In addition to the vectors containing effector sequences, three other constructs were used for co-localization studies, namely, histone 2B (H2B) fused to monomeric red fluorescent protein 1 (mRFP1) (Lukan et al., 2018) was used for nucleus localization; a construct containing Arabidopsis thaliana remorin 1.3 (REM1.3) fused to mCherry (Marín et al., 2012) was used for plasmalemma localization; and a construct with autophagy-related protein (ATG) (ATG8CL) fused to mRFP (Dagdas et al., 2016) was used for autophagosome localization.
2.3 Agrobacteria-mediated transformation
Transient transformation of 3- to 4-week-old leaves of Nicotiana benthamiana was performed using Agrobacterium tumefaciens strain GV3101 carrying the constructs described above. Briefly, cultures were grown overnight, pelleted, washed with lysogeny broth (LB) medium, and re-pelleted. They were then resuspended in an infiltration solution consisting of 10 mM 2-(N-morpholine)ethanesulfonic acid (MES), 10 mM MgCl2, and 0.2 mM acetosyringone to A600 of 0.5. For co-expression and co-localization, agrobacteria cultures carrying the appropriate vector constructs were mixed in equal ratios. In all cases, an equal volume of agrobacteria culture carrying the p19 silencing suppressor was added. Leaves of N. benthamiana plants were infiltrated with the agrobacteria mix using a syringe. Plants were maintained at 21 ± 2°C in growth chambers, with an illumination of 70 µM m−2 s−1 (Osram L36W/77 lamp), a photoperiod of 16 h and relative humidity of 70%.
2.4 Confocal imaging
Fluorescent protein expression was followed 3 and 4 days after agroinfiltration using two different laser scanning confocal microscopes. The Leica TCS SP5 laser scanning confocal microscope mounted on a Leica DMI 6000 CS inverted microscope (Leica Microsystems, Wetzlar, Germany) with a 63× objective with zoom factor 1 was used for localization studies. Sequential scanning was performed (sequential setting 1: 543-nm laser, emission window of 555–637 nm; sequential setting 2: 488- and 514-nm laser, emission windows of 529–594 nm and 703–800 nm, and transmission). Two to five regions of interest per agroinfiltrated area were scanned unidirectionally with zoom factor 1, line average 2, and scan speed of 400 Hz. The Leica TCS LSI laser scanning confocal microscope mounted on a Leica Z6 APOA microscope (Leica Microsystems) with a 20× objective was used for co-localization with the ATG8 CL marker. The 488- and 532-nm lasers were used for excitation of enhanced YFP, enhanced green fluorescent protein (GFP), and mRFP1, respectively. YFP emission was measured in the window from 525 to 550 nm, GFP emission in the window from 505 to 525 nm, and mRFP1 emission in the window from 600 to 620 nm. For localization, three regions of interest per agroinfiltrated area were scanned unidirectionally with zoom factor 3, line average 3, and scan speed of 600 Hz. The overlay of images acquired in different channels and maximum projections from Z-stacks were performed using Leica LAS AF Lite software (Leica Microsystems, Wetzlar, Germany).

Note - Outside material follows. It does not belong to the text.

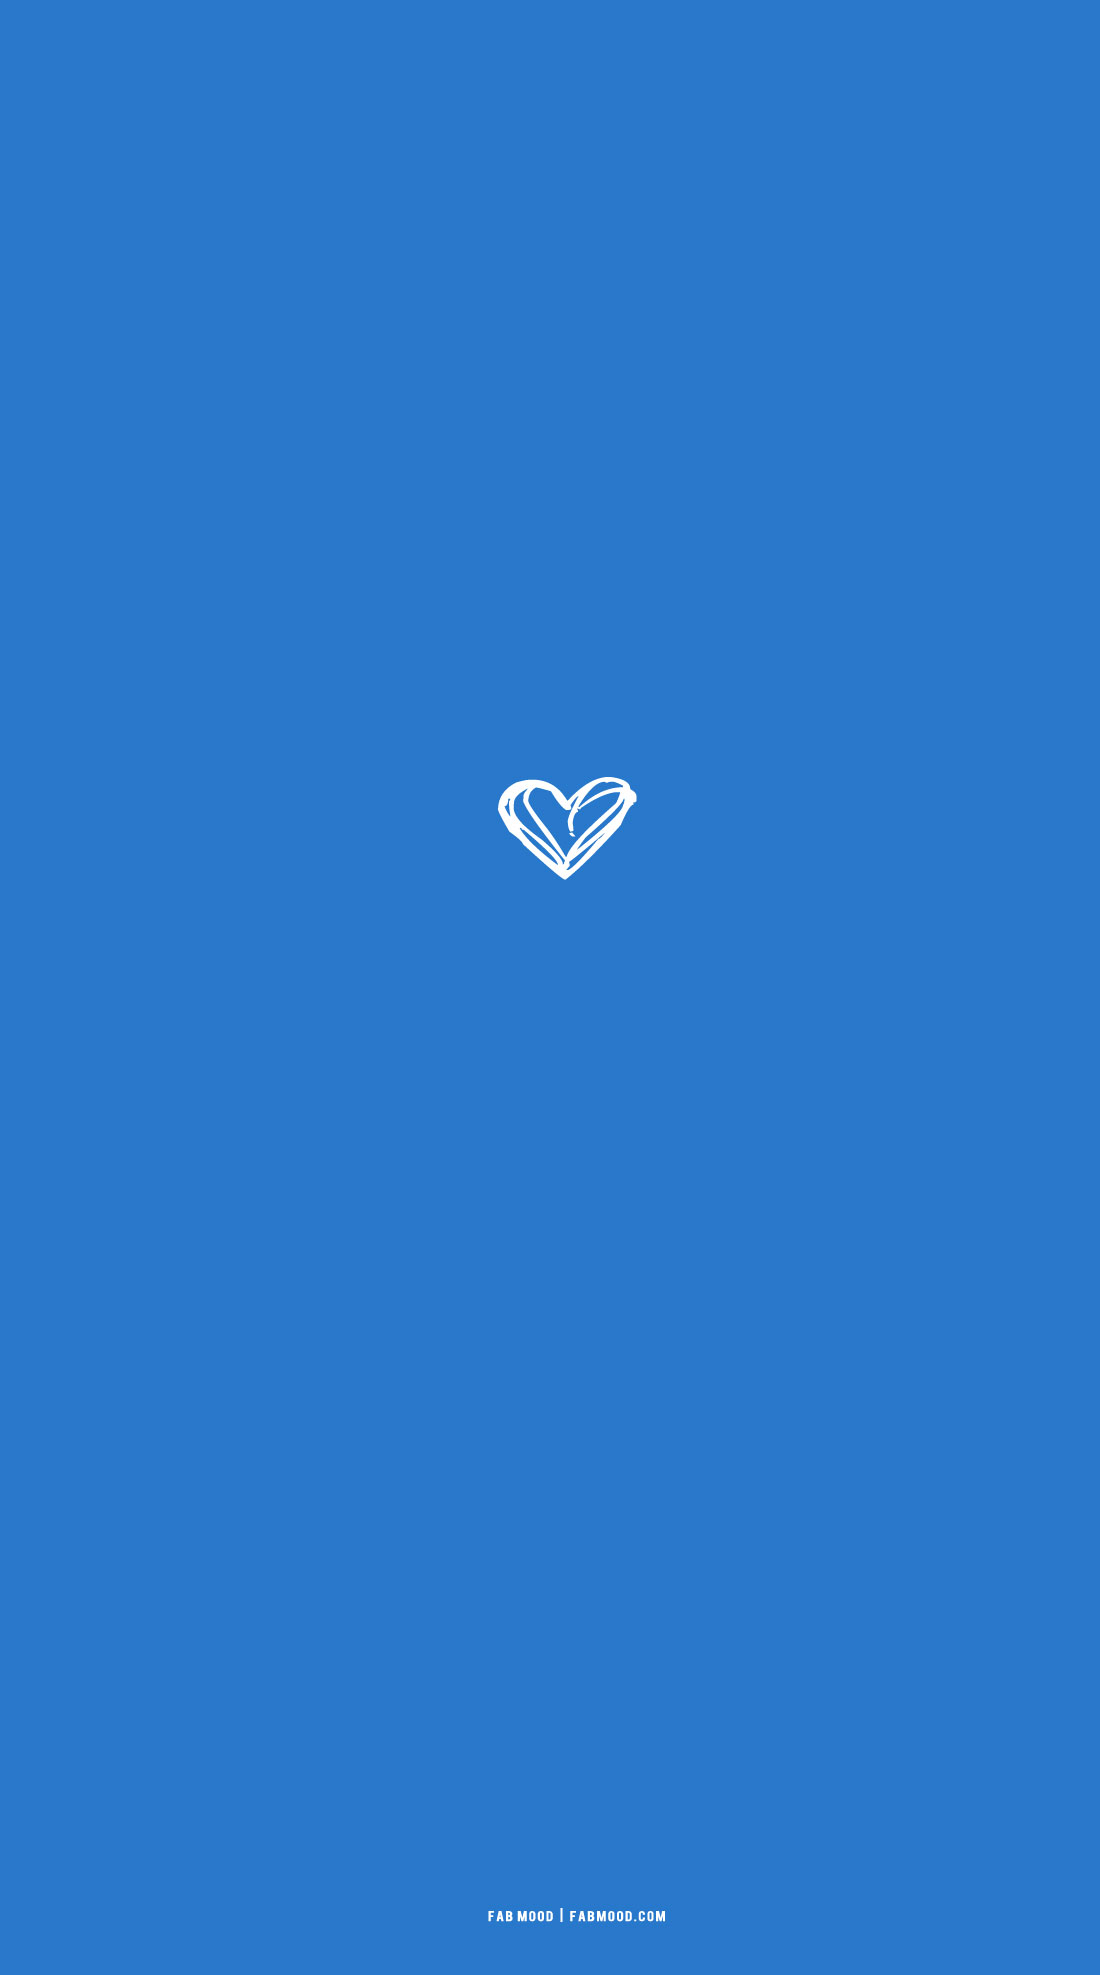 Azure Blue Wallpaper For Phone, Messy Heart Illustration

2.5 Protein pull-down and co-immunoprecipitation assay
For protein pull-down, YFP-tagged PoStoSP28 (StAMP) was transiently expressed in N. benthamiana leaves for 5 days, and fluorescence was confirmed with confocal microscopy (effector sample). Leaves infiltrated only with the p19 silencing suppressor were used as controls (control sample). Total proteins were extracted from ~200 mg of leaf material with IP buffer containing 25 mM Tris-HCl (pH 7.5), 100 mM NaCl, 10 mM dithiotreitol, 0.1 mM phenylmethylsulfonyl fluoride (PMSF), 0.02% NP-40, 10% glycerol, and cOmplete™ ULTRA Tablets, Mini, EDTA-free Protease Inhibitor Cocktail (Roche, Basel, Switzerland). Protein extraction was followed by incubation with GFP-Trap® Magnetic Agarose beads (ChromoTek, Planegg, Germany) at 4°C for 1–2 h. The beads were washed three times with IP buffer without NP-40 and eluted in sodium dodecyl sulfate–polyacrylamide gel electrophoresis (SDS-PAGE) loading buffer containing 100 mM Tris-HCl (pH 6.8), 4% SDS, 0.2% bromophenol blue, 20% glycerol, and 200 mM dithiothreitol. The immunoprecipitated proteins in the effector and control samples were then analyzed by SDS-PAGE, followed by tryptic digestion.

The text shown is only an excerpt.